Una vez conquistada, los recovecos escondidos empiezan a hacerse evidentes y empieza la difícil tarea de aprender a manejar esta poco estética central de mando. El operario debe entonces entender la lógica de manejo según las conexiones, ser conciente de la cadena de acción/reacción que puede derivar bajar o no un switch, arreglar los cortocircuitos que puede producir un botón mal oprimido, convertirse un maestro del momento apropiado... y sobre todo, optimizar el rendimiento de las tareas propias de la central.
 
Todo este aprendizaje termina llevando a más preguntas que respuestas. La cueva de los misterios se profundiza cada vez más, y lo peor, es que cada cueva guarda sus propios misterios y no hay dos iguales. Hay cuevas en las que hay paisajes del otro mundo, cascadas, aves de oscuridad y baúles repletos de morrocotas, como en una de las películas de la Historia sin Fin. Pero otras, en efecto, están llenas de murciélagos, algunos muertos hace varios lustros y una que otra estalactita mortal.
 
Y ellos, nuestros machos victoriosos, no pierden el espíritu de la conquista ni mucho menos bajan la bandera. Admiro a todos aquellos que se animan a bajar a la cueva, esos son los verdaderos machos que merecen la venia.

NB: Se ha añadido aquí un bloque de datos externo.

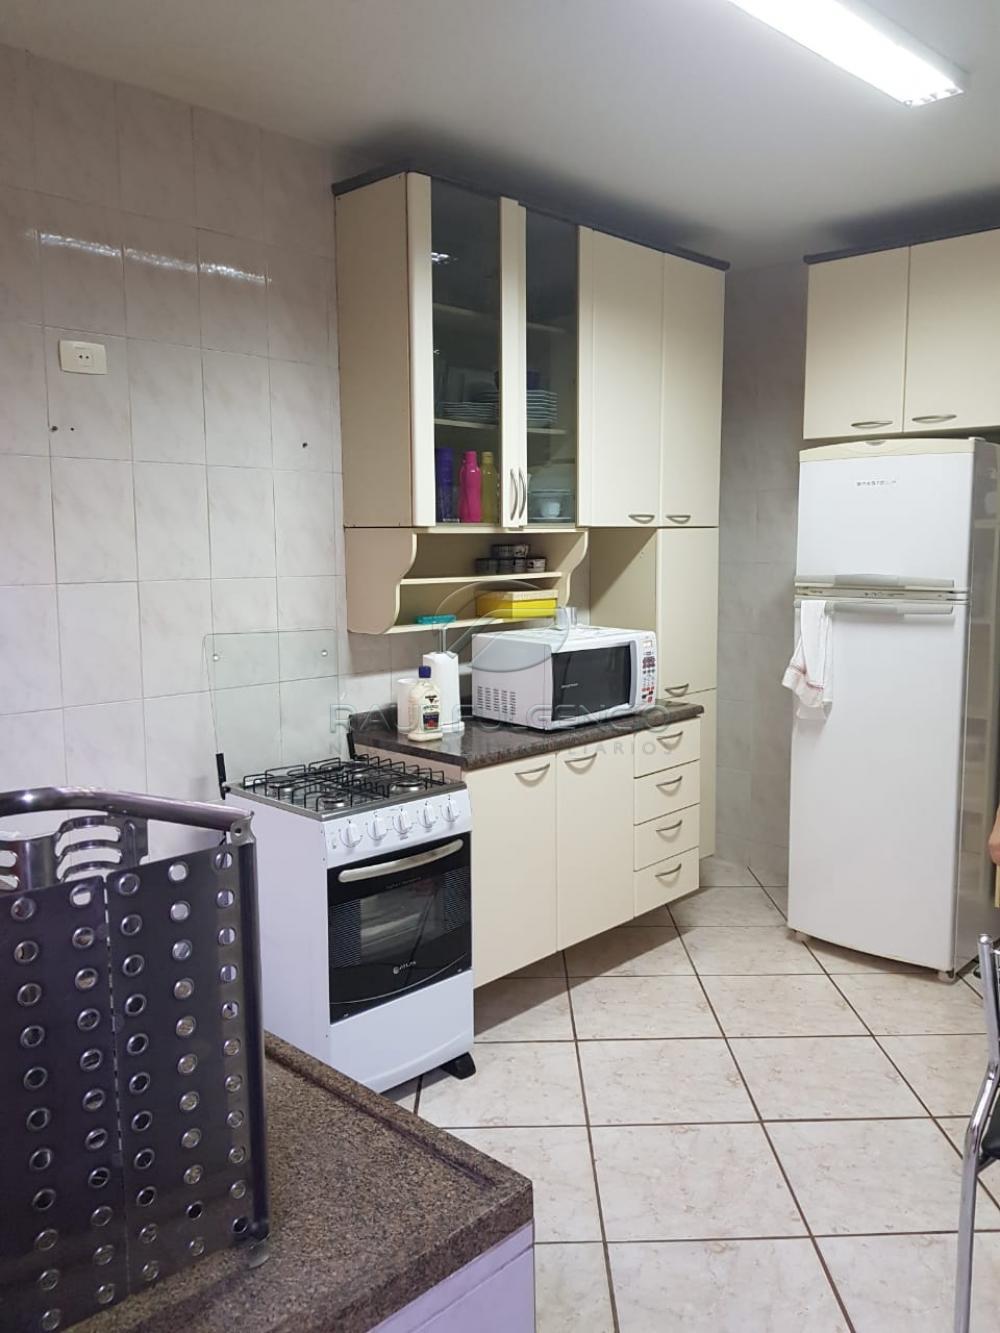 Comprar Casa / Térrea em Londrina apenas R$ 595.000,00 - Foto 10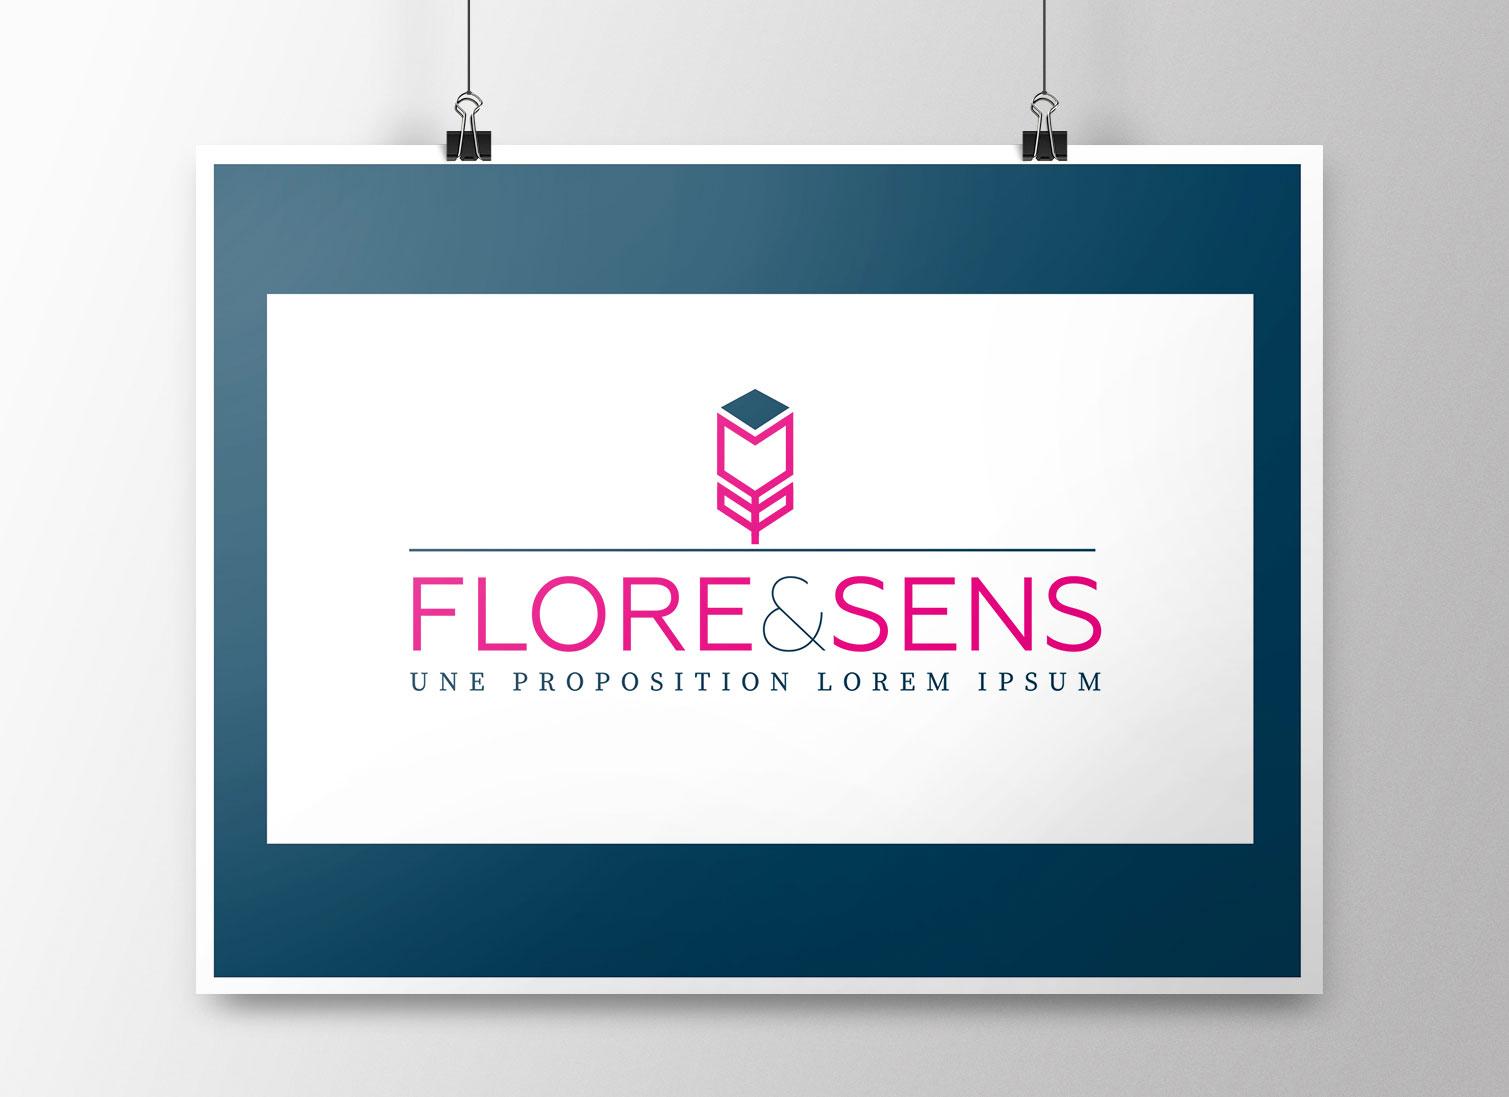 floresens_logo_02

Si a uno le cuesta trabajo jugar oralmente con el adminículo del chico que está a la vista y sin sorpresas, ¿cómo será para ellos, que aunque saben cómo luce nunca pueden imaginarse con qué se encontrarán?
 
Sólo esperamos que ellos, nuestros machos victoriosos, no se vengan a dar por vencidos después de centurias de exploraciones en el pozo sur. Y que aquellos que han encontrado o no el cáliz por allá abajo, continúen su tarea exploratoria de la oscura y húmeda cueva de los misterios.